The U.S. Preventive Services Task Force posted for public comment a draft research plan for evaluating a measure regarding “Vision in Children Ages 6 Months to 5 Years: Screening.” The public comment deadline is May 21, 2025.

Per the AHA News,
- “The Food and Drug Administration has identified a Class I recall of Q’Apel Medical 072 Aspiration System after the company submitted three device event reports that included a tip detachment, a vessel rupture and a vasospasm.”

From the judicial front,

Professor Katie Keith wrote an article in Health Affairs Forefront about the Kennedy v. Braidwood Management oral argument presented to the Supreme Court last Monday.

Fierce Pharma informs us,
- “Halozyme is not holding back against Merck & Co. in the companies’ injectable Keytruda patent dispute, having now escalated a verbal warning into a lawsuit.
- “In a lawsuit filed Thursday in a New Jersey federal court, Halozyme alleges that a proposed subcutaneous formulation of Merck’s popular cancer drug Keytruda infringes 15 of its patents.
- “Those intellectual properties belong to a Halozyme patent family called Mdase, which covers a large group of modified human hyaluronidases. A hyaluronidase protein may allow for under-the-skin administration of otherwise intravenously infused drugs.
- “Halozyme is seeking an injunction to block Merck’s planned commercialization of subcutaneous (SC) Keytruda, which is under FDA review with a decision expected by Sept. 23. The San Diego drug delivery expert is also asking for monetary relief and “an enhancement of damages,” because the alleged infringement is said to be willful, according to its complaint.
- “Even though SC Keytruda has not reached the market, Merck opened itself to patent litigation after publicly laying out its intention to launch the product this year pending FDA approval.”

In State government news,

Mercer offers a roundup of selected state healthcare developments in the first quarter of 2025.
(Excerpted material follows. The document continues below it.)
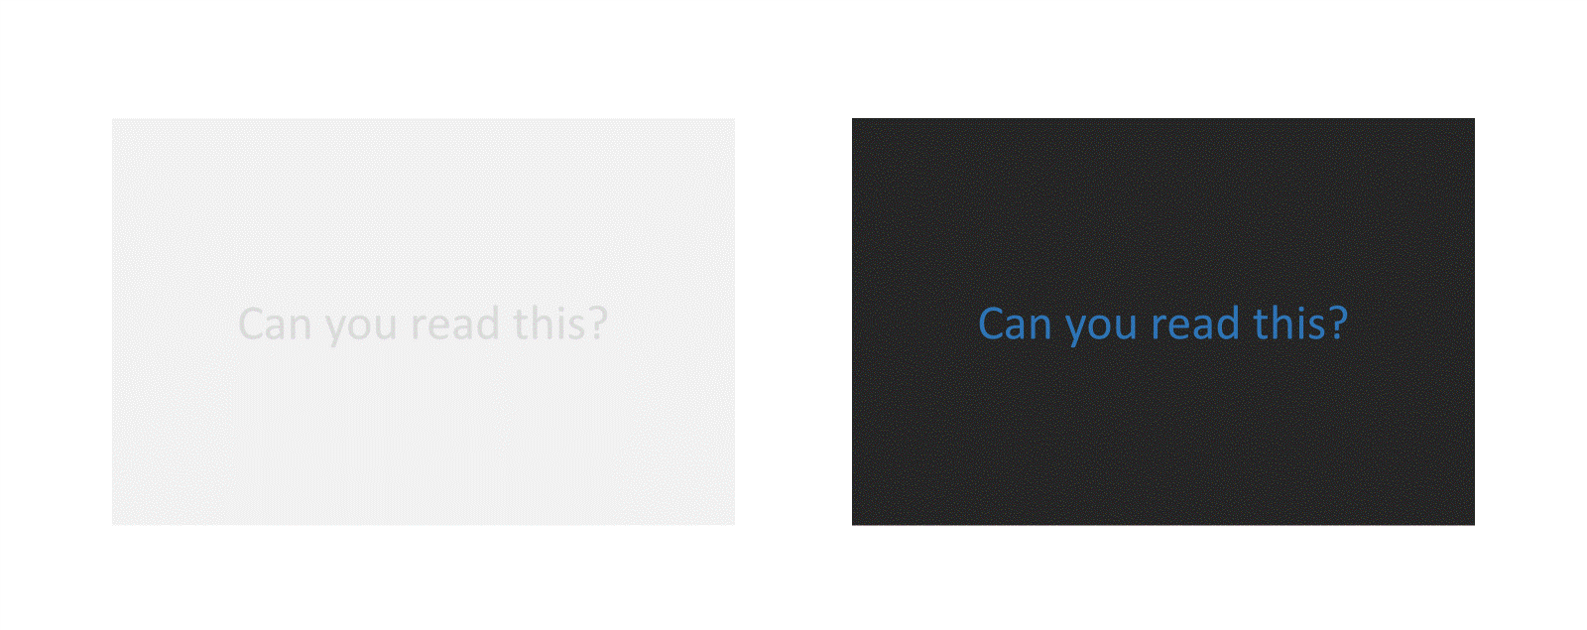 Two text boxes with text reading 'Can you read this?'. The first text box is pale grey with grey text, the second is dark grey with dark blue text. In both boxes the text is hard to read.

From the public health and medical research front,

CNN reports,
- “The United States has seen progress in reducing certain cancer risks, as overall smoking rates remain on a decline. But for other risk factors, such as those tied to cervical cancer, there is room for improvement, according to a new American Cancer Society report.
- “The prevalence of people smoking fell from about 14% in 2019 to 11% in 2023, according to the report published Wednesday in the journal Cancer Epidemiology, Biomarkers & Prevention. Cigarette smoking is known to significantly increase the risk of developing cancer. It’s estimated to cause about 1 out of every 3 cancer deaths in the US. * * *
- “The prevalence of people being up-to-date on recommended cervical cancer screenings has dropped from 74.8% in 2019 to 73.4% in 2021 among ages 21 to 65, the report found, leaving more women at risk of not detecting disease early. The reported noted that the decrease is alarming as HPV vaccination rates have remained “statistically unchanged” in recent years. In 2023, 61.4% of adolescents ages 13 to 17 were up-to-date for the HPV vaccination series, similar to 61.7% in 2021 and up from 54.2% in 2019.
- “HPV or human papillomavirus is a group of more than 150 viruses that can cause certain types of cancer. Spread primarily through sexual contact, most cases of HPV clear on their own within two years, but when the infection does not go away, health problems like cancer may occur – which is why preventing these infections with vaccination has been key.”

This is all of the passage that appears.